WAGR Syndrome/11p Deletion Syndrome

Awareness Ribbon Color:

Blue Jeans Ribbon for Genetic Diseases

WAGR Syndrome/11p Deletion Syndrome is also known as:
• Chromosome 11p Deletion Syndrome
• WAGR Complex

Subdivisions of WAGR Syndrome/11p Deletion Syndrome
• AGR Triad
• Aniridia-Ambiguous Genitalia-Mental Retardation
• Aniridia-Wilms' Tumor Association
• Aniridia-Wilms' Tumor-Gonadoblastoma
• AWTA

What is WAGR Syndrome/11p Deletion Syndrome?
WAGR syndrome/11p deletion syndrome is a rare genetic syndrome in which there is a predisposition to several conditions, including certain malignancies, distinctive eye abnormalities, and/or intellectual disability. "WAGR" is an acronym for the characteristic abnormalities associated with the syndrome. The acronym stands for (W)ilms' Tumor, the most common form of kidney cancer in children; (A)niridia, partial or complete absence of the colored region of the eye(s) (iris or irides); (G) Genitourinary abnormalities, such as undescended testicles or hypospadias in males, or internal genital or urinary anomalies in females; and Mental (R)etardation (intellectual disability). A combination of two or more of these conditions is usually present in most individuals with WAGR syndrome/11p deletion syndrome.

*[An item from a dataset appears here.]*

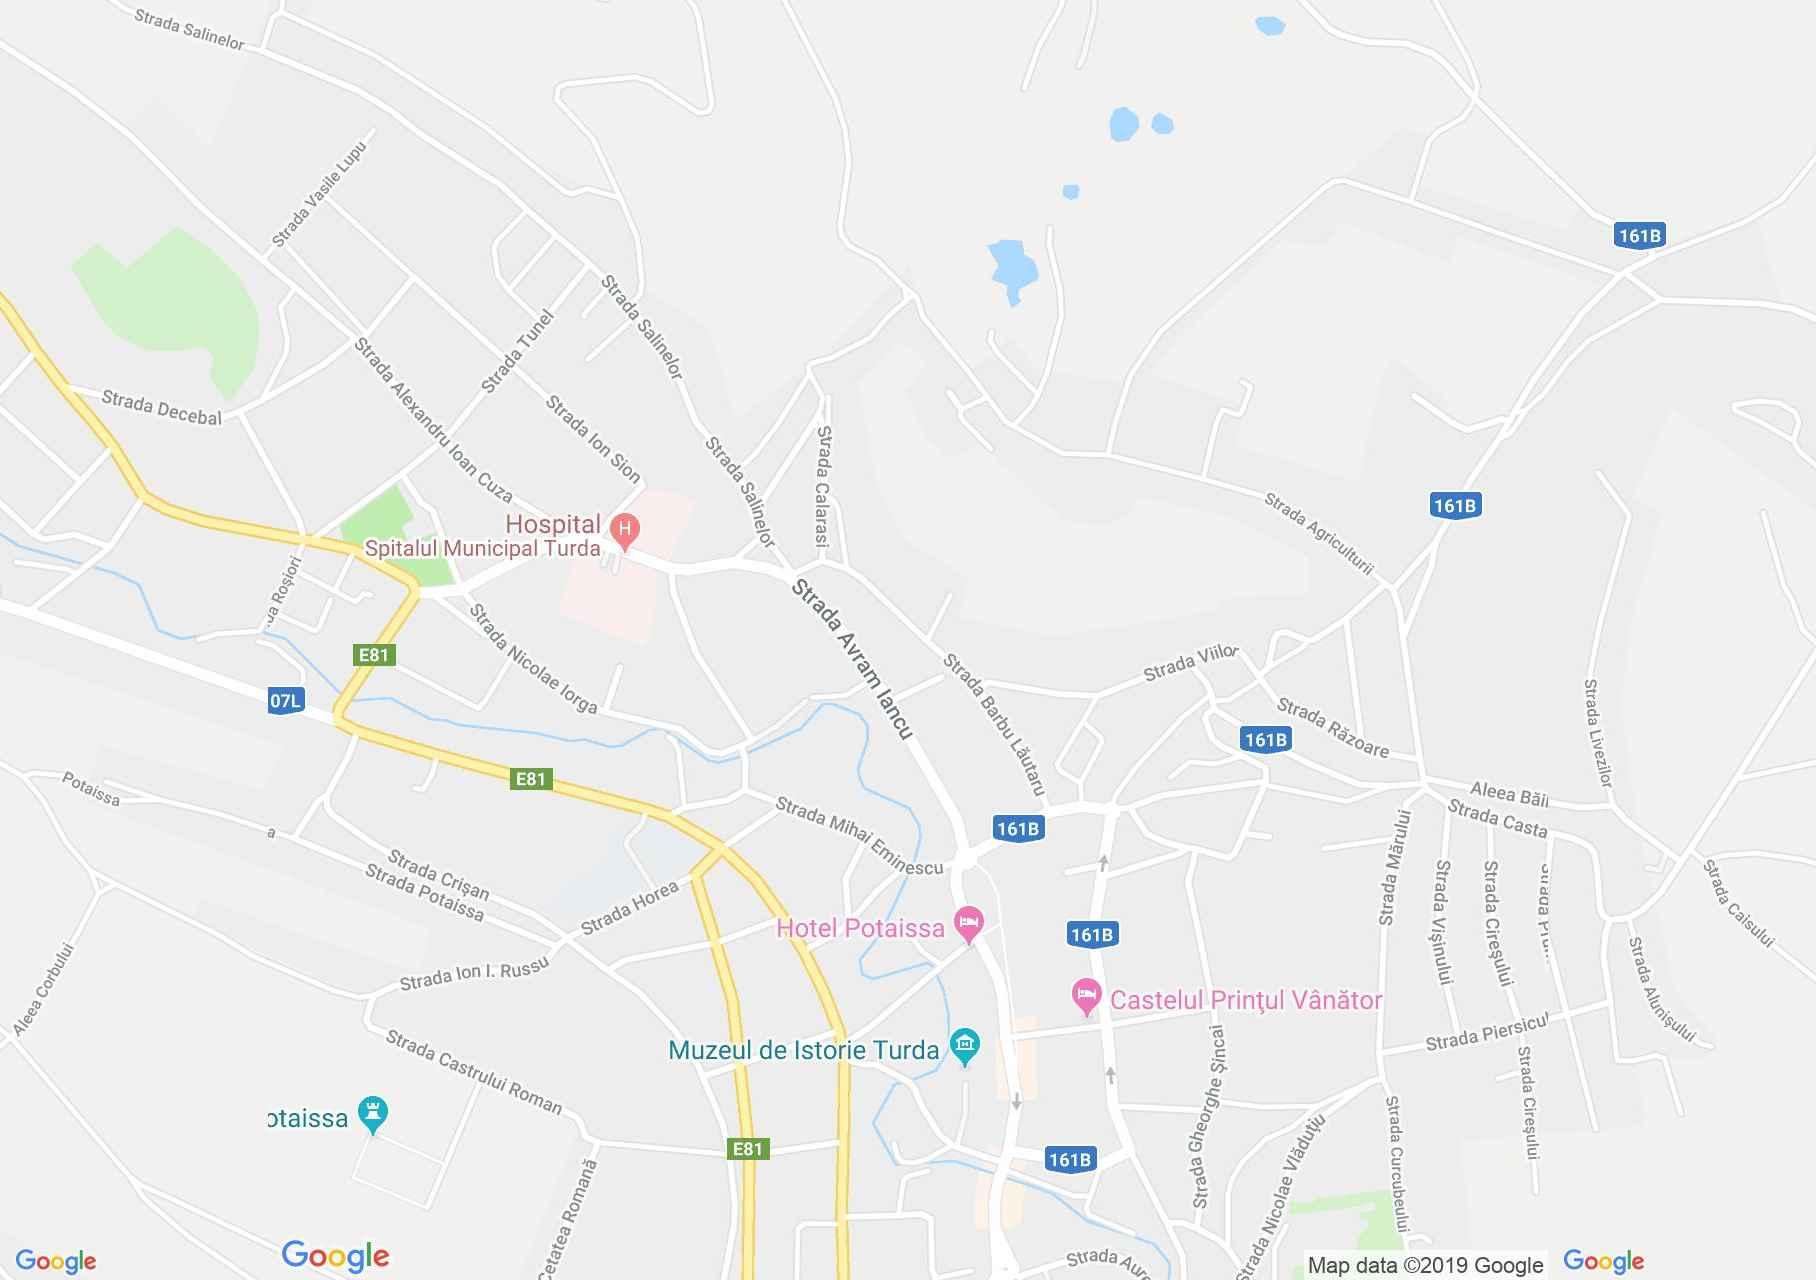 Hartă Turda: Biserica Unitariană

Waldenström’s Macroglobulinemia

Awareness Ribbon Color:

Zebra Ribbon for Rare Diseases

Waldenström’s Macroglobulinemia is also known as:
• Macroglobulinemia
• Waldenstrom's Syndrome

What is Waldenström’s Macroglobulinemia?
Waldenström's macroglobulinemia (WMG) is a malignant disorder of the bone marrow and lymphatic tissues, a type of lymphoma and characterized by the presence of abnormally large numbers of a particular kind of white blood cell known as B lymphocytes. As these cells accumulate in the body, excessive quantities of an antibody protein known as IgM are produced. Large amounts of IgM cause the blood to become thick and affects the flow of blood through the smaller blood vessels, leading to some of the symptoms of the disorder.


Walker Warburg Syndrome

Awareness Ribbon Color:

Blue Jeans Ribbon for Genetic Diseases

Walker Warburg Syndrome is also known as:
• Muscular Dystrophy-Dystroglycanopathy [with brain and eye anomalies], Type A (MDDGA)
• Cerebroocular Dysplasia-Muscular Dystrophy Syndrome (COD-MD Syndrome)
• Hydrocephalus, Agyria, and Retinal Dysplasia (HARD Syndrome)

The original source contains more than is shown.